10
El don de Rekla
REKLA estaba despierta en la oscuridad. Rememoraba cuando, unas horas antes, había perdido la cabeza y le había dado una paliza a Dubhe. Había estado a punto de comprometer la misión y, sin embargo había algo agradable en aquel recuerdo, la misma sensación que ahora la mantenía insomne. Espiaba la respiración de la muchacha, estudiaba su sufrimiento. Porque debía de estar sufriendo, eso lo tenía claro. Esperaba con delectación sus gemidos.
No lograba recordar la primera vez que había disfrutado a costa del sufrimiento del prójimo. Era algo que estaba profundamente arraigado en su naturaleza, tanto que casi había olvidado cómo empezó.
Tal vez fue una especie de juego. En el poblado de la Tierra del Mar, de donde provenía, a veces le daba por seguir a los niños mayores que ella. No era muy popular entre ellos, así que los espiaba desde lejos, sin llegar a unirse nunca al grupo. Algunas veces, cuando parecía que se estaban aburriendo, los veía ensañarse con algún insecto. Observaba cómo les cortaban las patas a los grillos o les arrancaban las alas a las mariposas, y les oía reír.
Había algo en aquellos espectáculos que siempre acababa fascinándola. La fuga desesperada de las víctimas, su impotencia y la vitalidad que siempre exhibían, aquella obstinación en negarse a someterse a la tortura agarrándose denodadamente a la vida. Entonces empezó a hacerlo ella también, en solitario. Notaba que para los demás era distinto. Buly, Granda y sus amigos se abandonaban a aquel juego sólo cuando estaban reunidos, era un ritual de grupo. Todos reían juntos, todos se sentían fuertes. Pero ella no podía estar con ellos. Por alguna extraña razón, no lograba conectar con ninguno. Era demasiado tímida para soltar el rollo, y el temor a ser menos que los demás, el temor a hacer o decir algo equivocado siempre acababan paralizándola. Pero, sobre todo, era el resto del mundo quien no la quería. Porque no hablaba nunca, y porque todos sabían lo que sucedía en su casa. Su familia no era bien vista, y todos estaban al corriente de su historia. Sólo ella, Rekla, se negaba a aceptar la verdad.

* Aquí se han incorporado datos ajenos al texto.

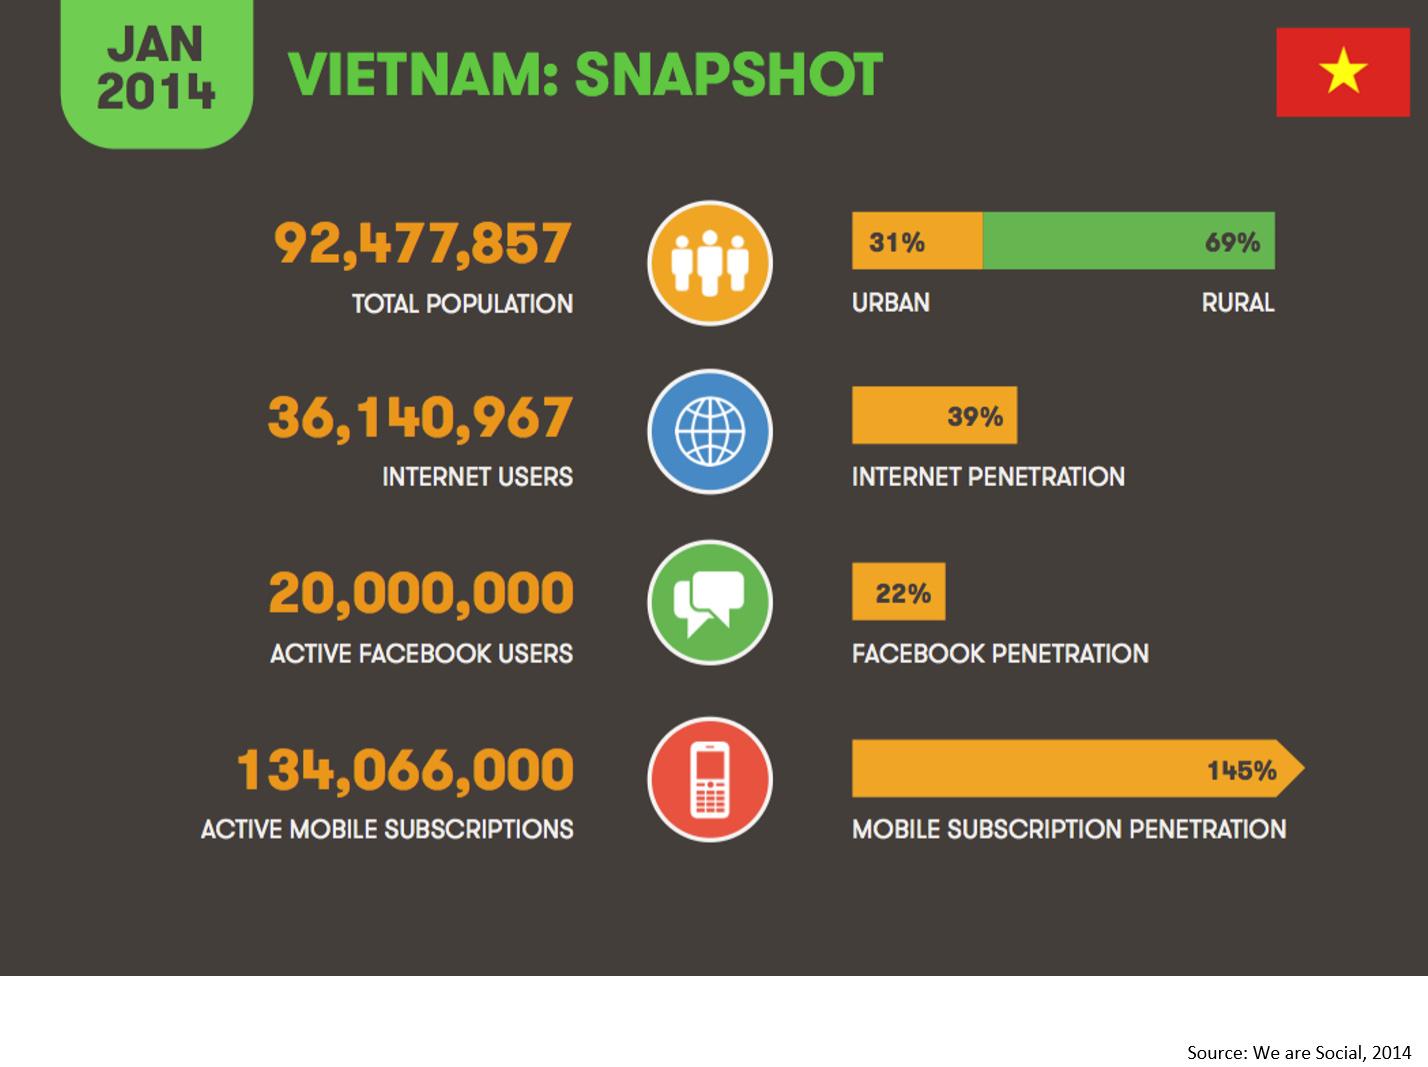 Vietnam 2014 snapshot

Observar la agonía de los pequeños animales que capturaba se convirtió en un sutil placer solitario. Una distracción. Le decía a su madre que se iba a jugar con sus amigos. Pero no había amigos. Salía a las mismas horas que los otros niños, pero no iba con ellos. Se ocultaba tras una pared en ruinas, o en un claro aislado. Y allí practicaba sus juegos.
—Me han dicho que no vas con los demás —le dijo un día su madre.
Rekla se ruborizó.
—Me lo ha dicho la madre de Buly. Cuando tu padre se entere de que le cuentas mentiras, se enfadará conmigo. Me pegará, ¿lo entiendes? Trata de comportarte como los otros niños de tu edad, y no vuelvas a mentirme.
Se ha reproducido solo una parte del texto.